*** GIVEN RECORDS

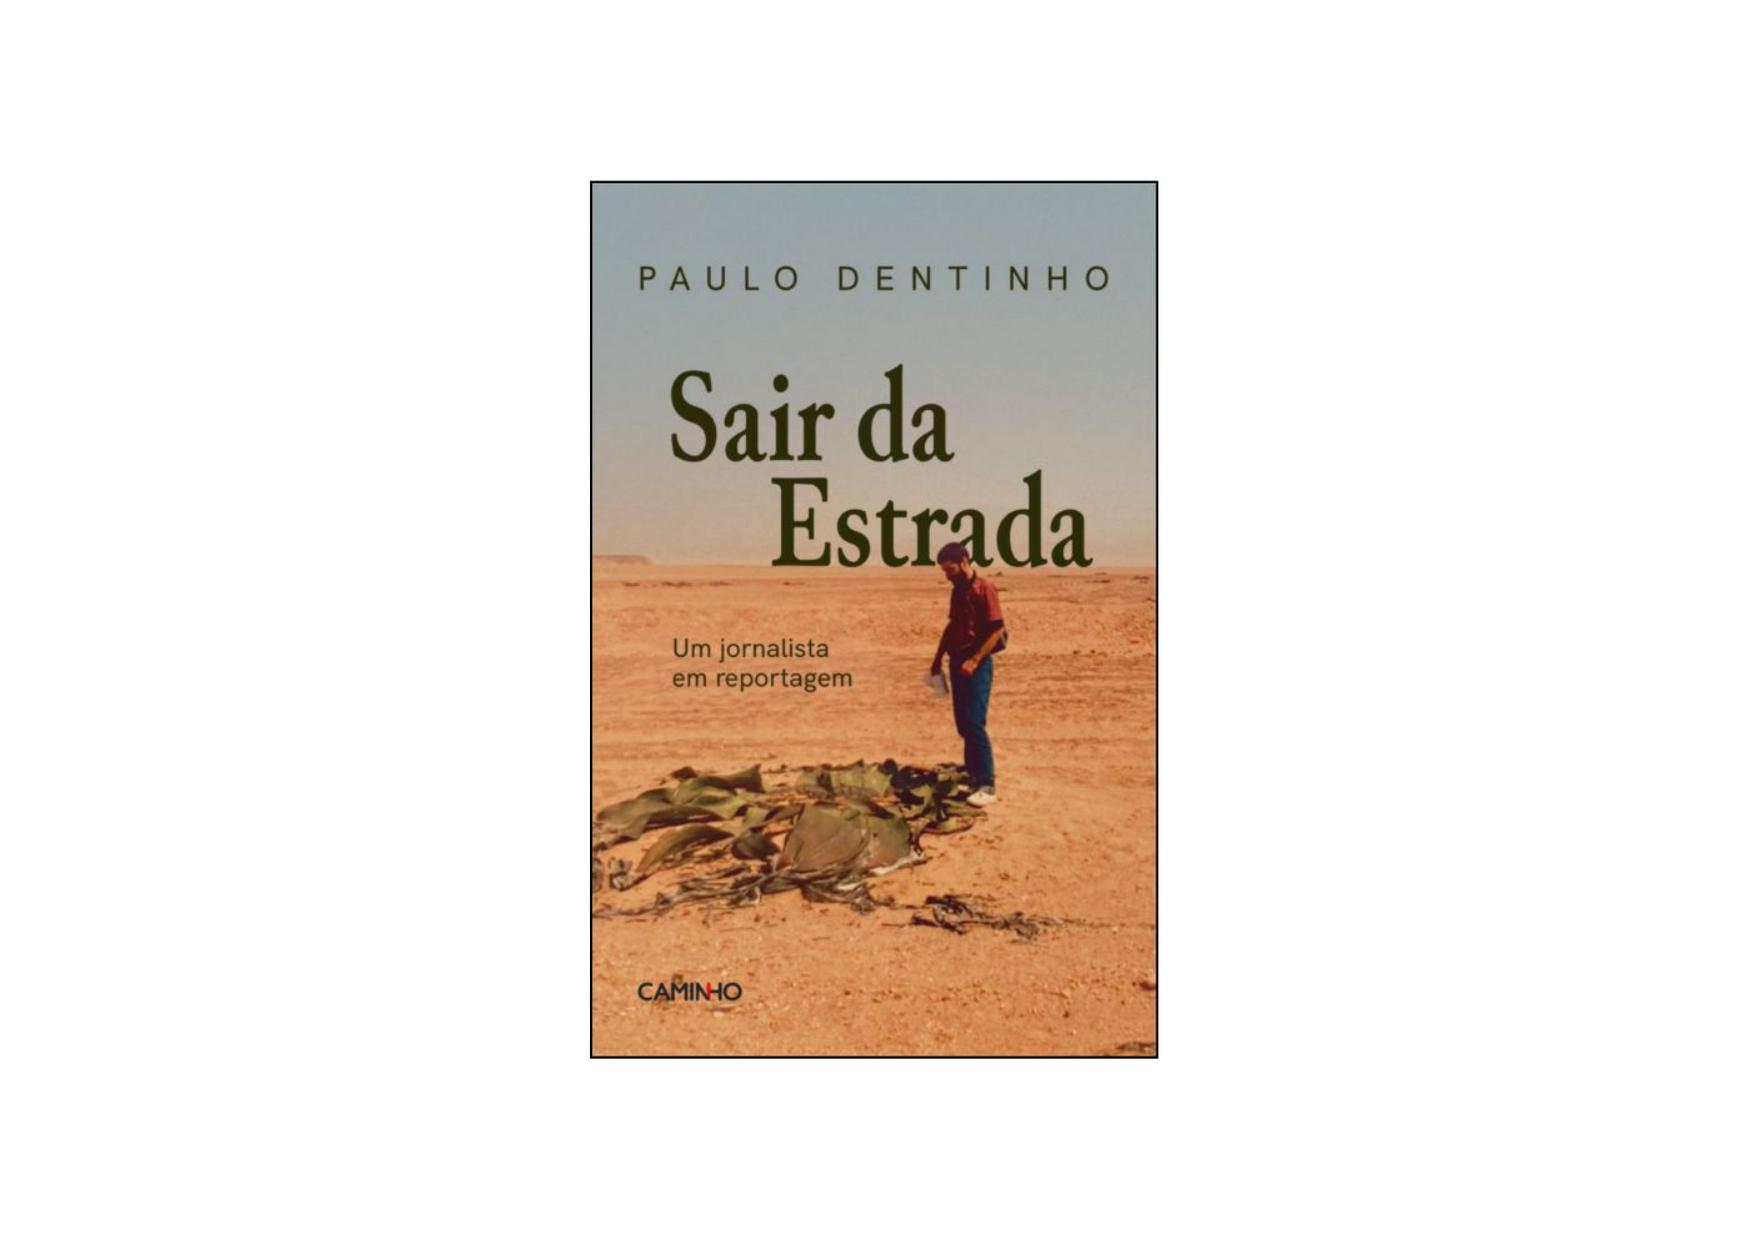 Sair da Estrada, de Paulo Dentinho
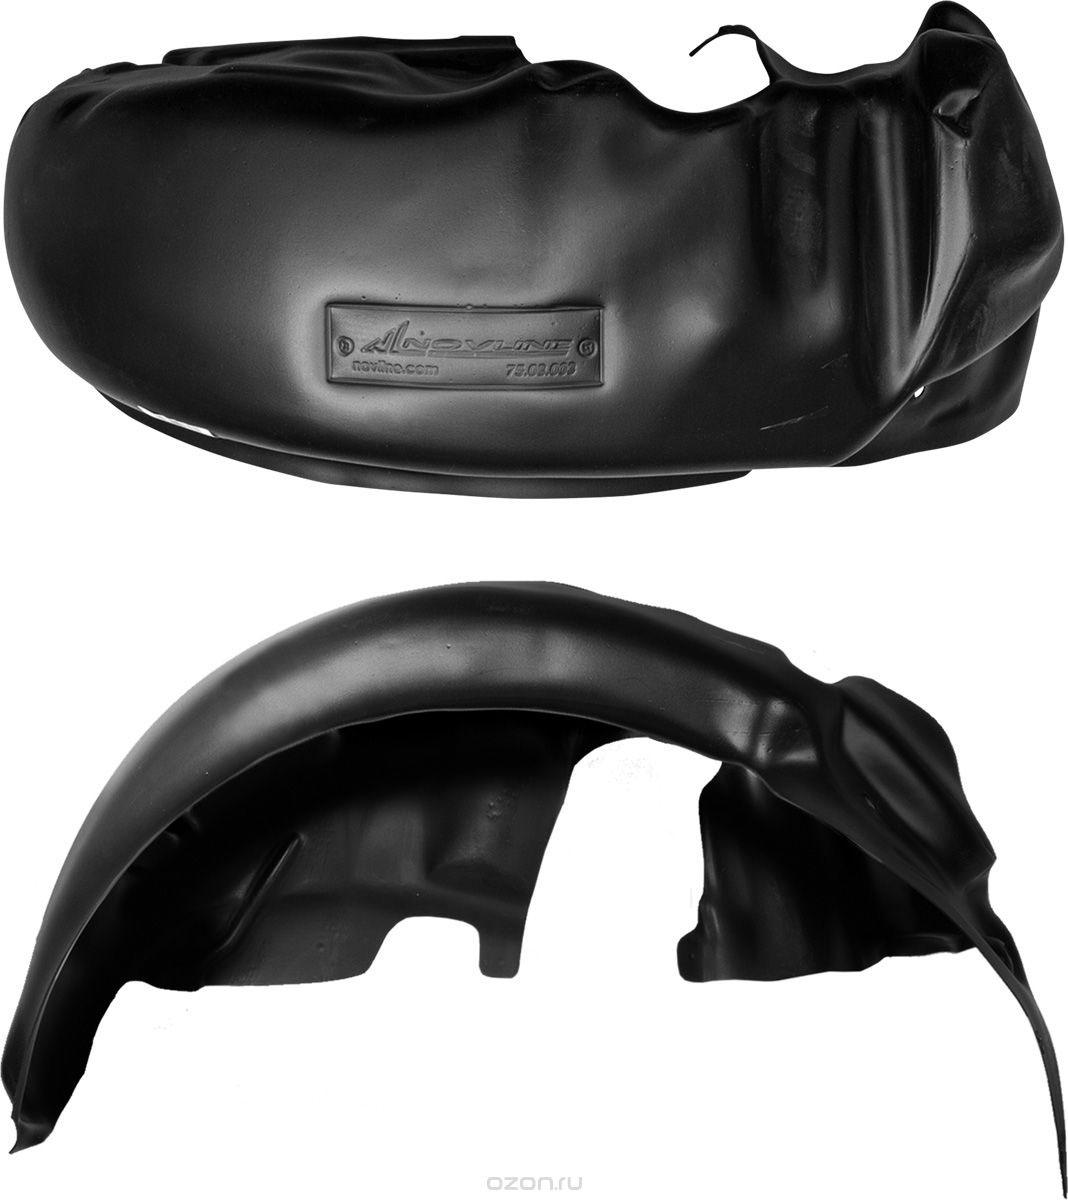 Подкрылок Novline-Autofamily, для MITSUBISHI Colt 3D 10/2009->, задний правый, NLL.35.21.004NLL.35.21.004Идеальная защита колесной ниши. Локеры разработаны с применением цифровых технологий, гарантируют максимальную повторяемость поверхности арки. Изделия устанавливаются без нарушения лакокрасочного покрытия автомобиля, каждый подкрылок комплектуется крепежом. Уважаемые клиенты, обращаем ваше внимание, что фотографии на подкрылки универсальные и не отражают реальную форму изделия. При этом само изделие идет точно под размер указанного автомобиля.
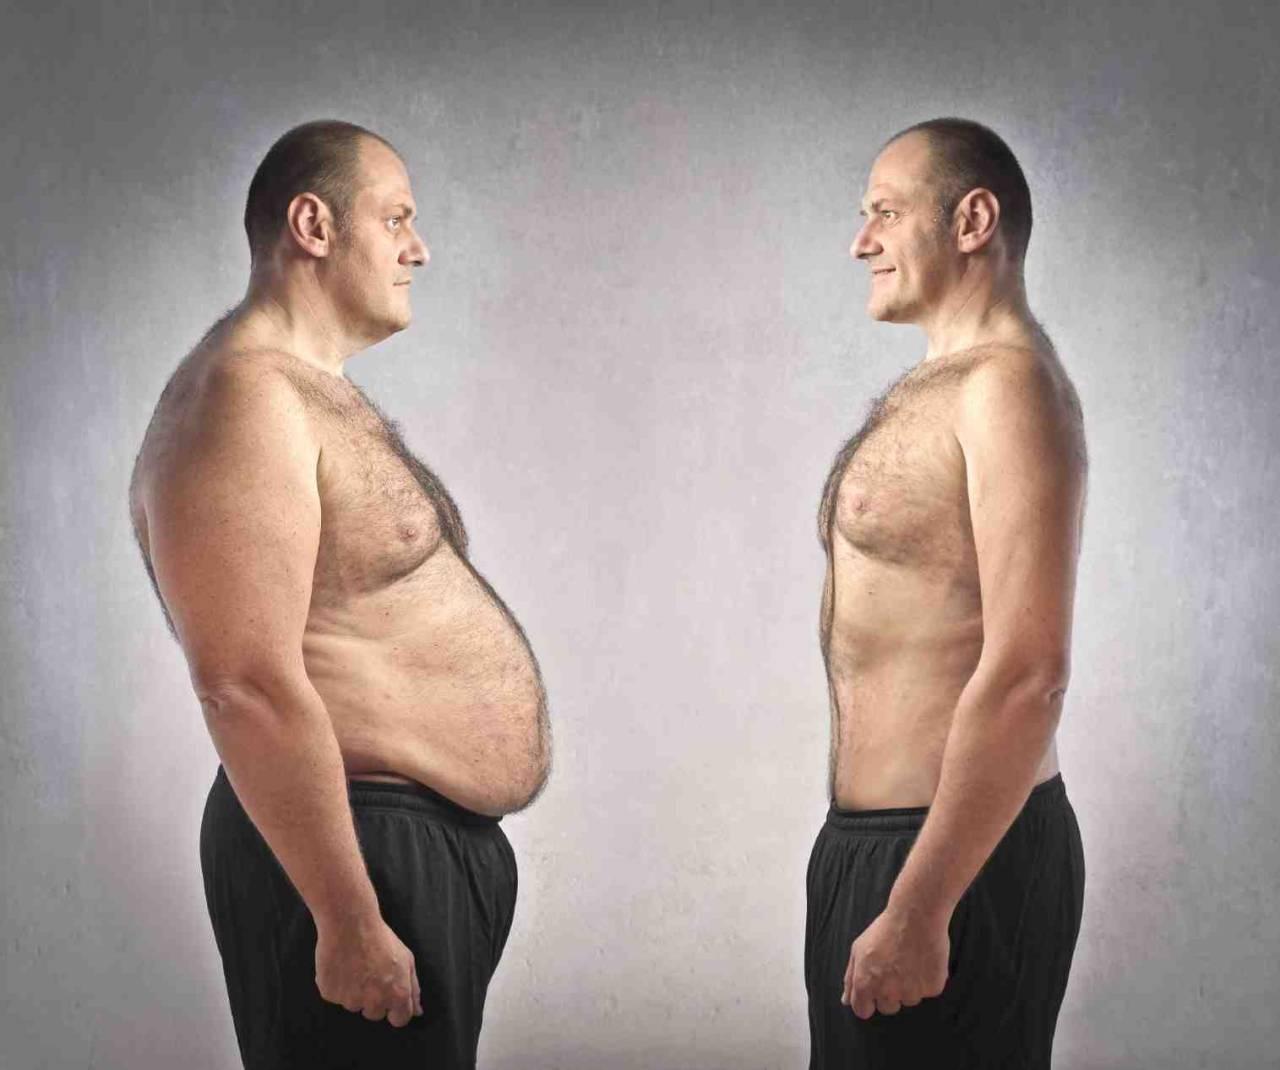 Влияние тестостерона на жизнедеятельность человека
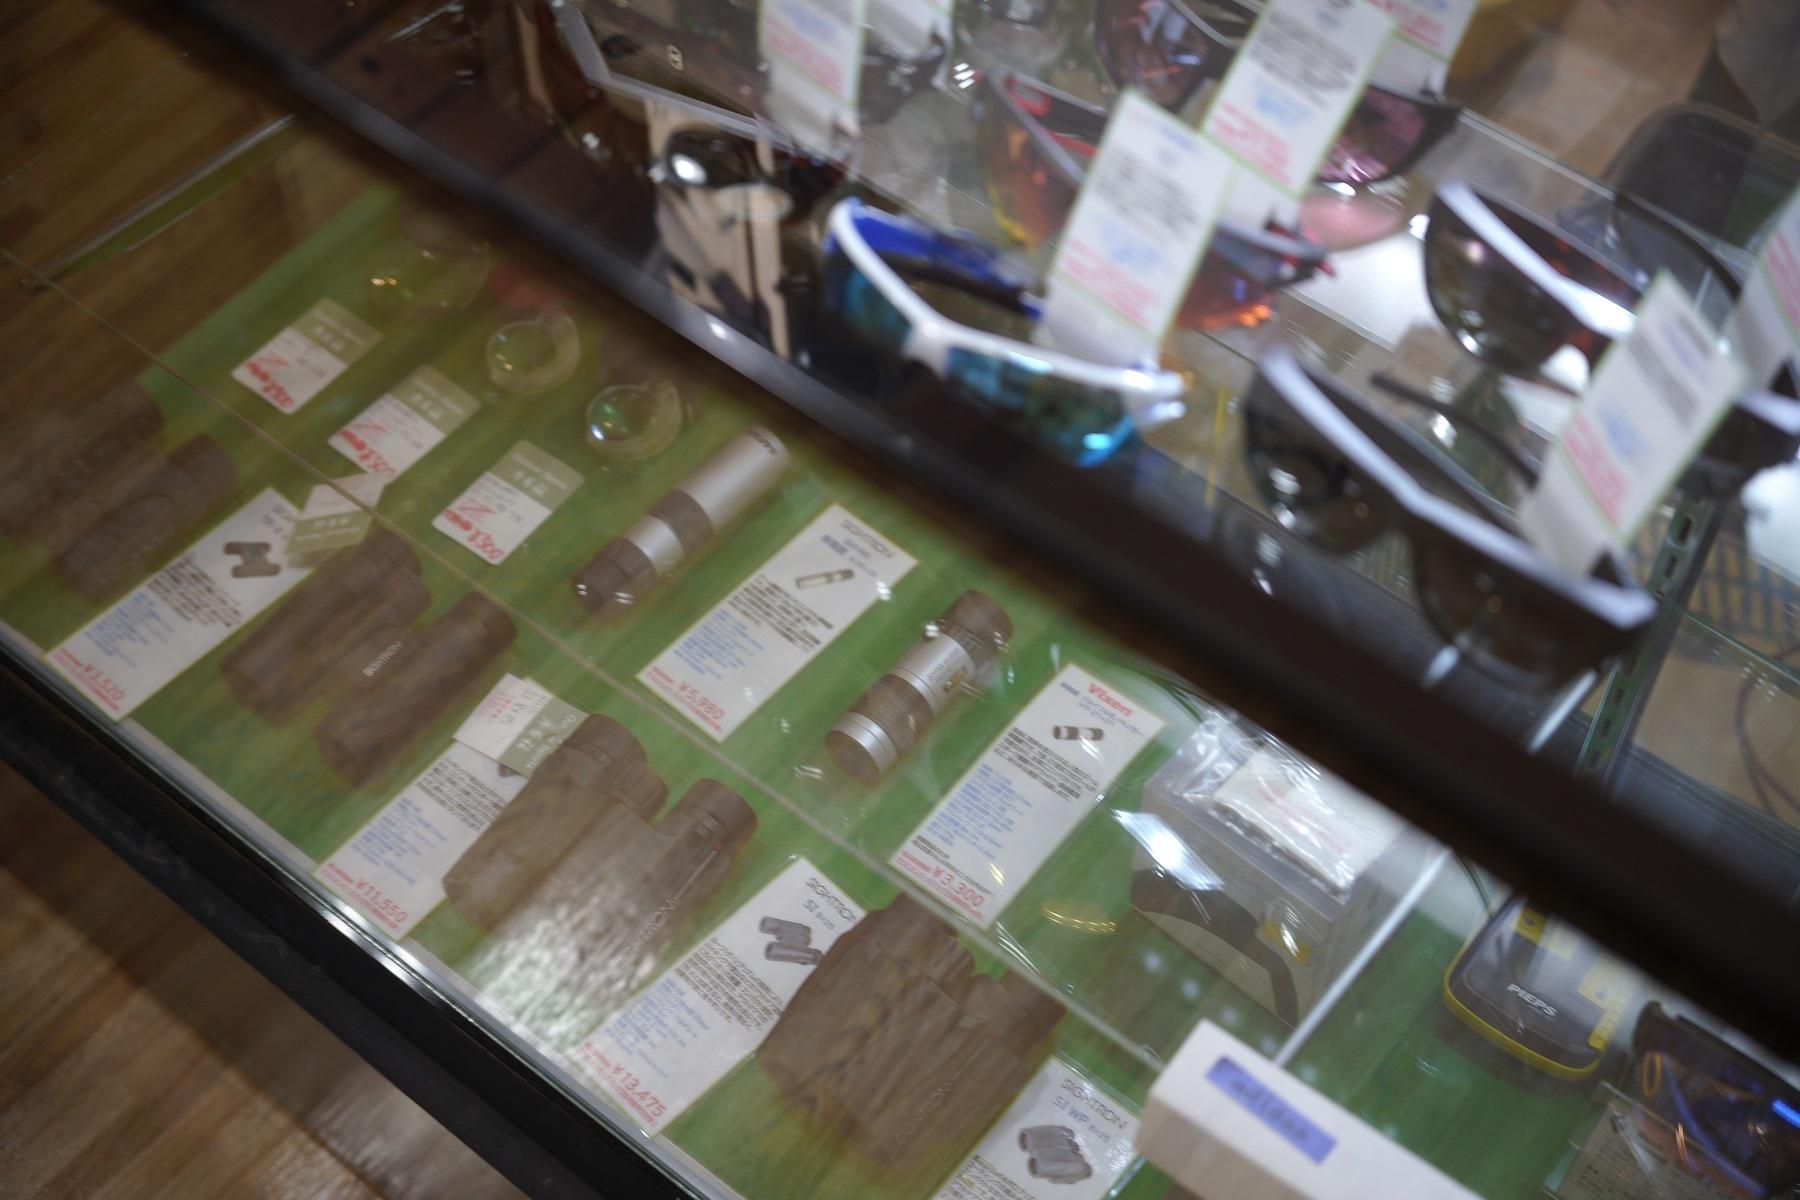 ★★★水遊びにはサングラス!しかも偏光レンズがお勧めです★★★_d0198793_15193826.jpg
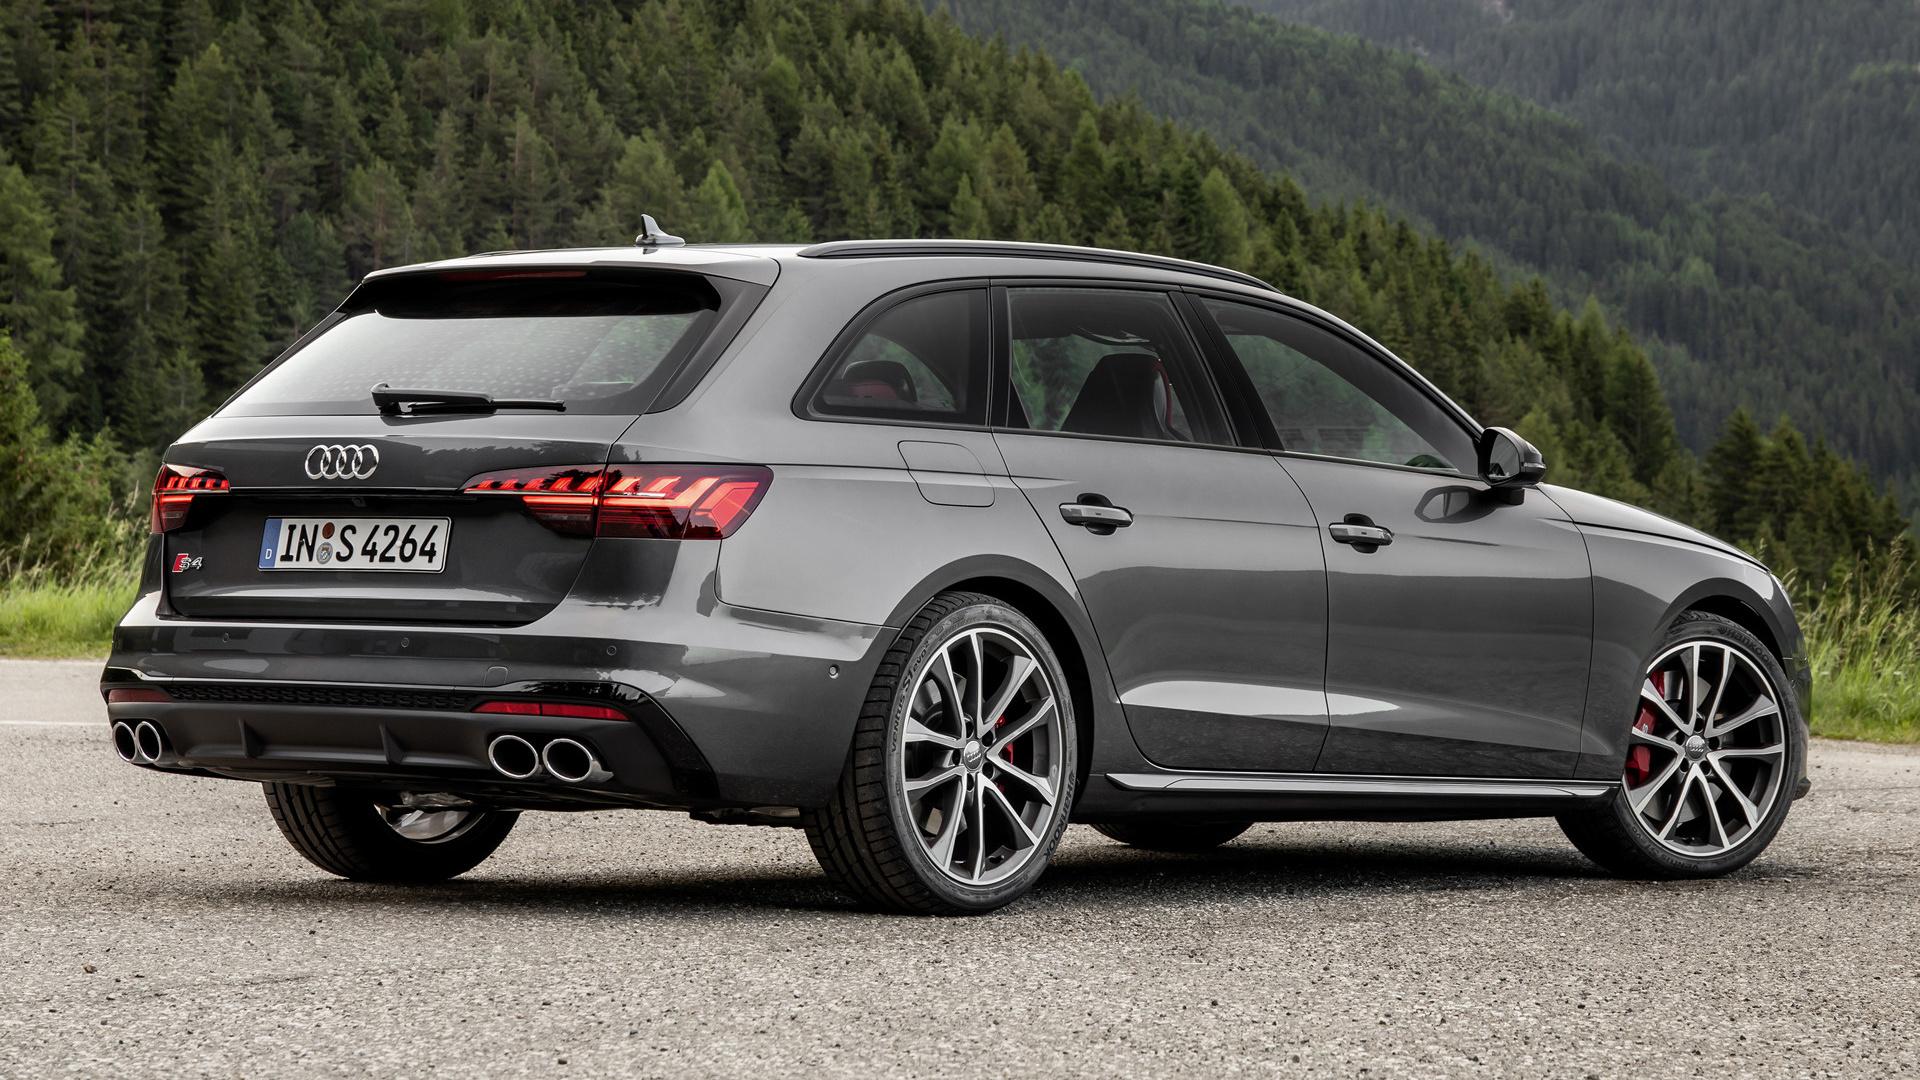 2019 Audi S4 Avant Sfondi E Immagini Hd Per Desktop

******

■ **EXERCISE OBJECTIVE**
Going from the line with "Подкрылок Novline-Autofamily, для" to the last line of the listing, write out each line exactly and nothing else. Leave out all pictures.

■ **RESULT BELOW**
 Подкрылок Novline-Autofamily, для MITSUBISHI Colt 3D 10/2009->, задний правый, NLL.35.21.004NLL.35.21.004Идеальная защита колесной ниши. Локеры разработаны с применением цифровых технологий, гарантируют максимальную повторяемость поверхности арки. Изделия устанавливаются без нарушения лакокрасочного покрытия автомобиля, каждый подкрылок комплектуется крепежом. Уважаемые клиенты, обращаем ваше внимание, что фотографии на подкрылки универсальные и не отражают реальную форму изделия. При этом само изделие идет точно под размер указанного автомобиля.
 Влияние тестостерона на жизнедеятельность человека
 ★★★水遊びにはサングラス!しかも偏光レンズがお勧めです★★★_d0198793_15193826.jpg
 2019 Audi S4 Avant Sfondi E Immagini Hd Per Desktop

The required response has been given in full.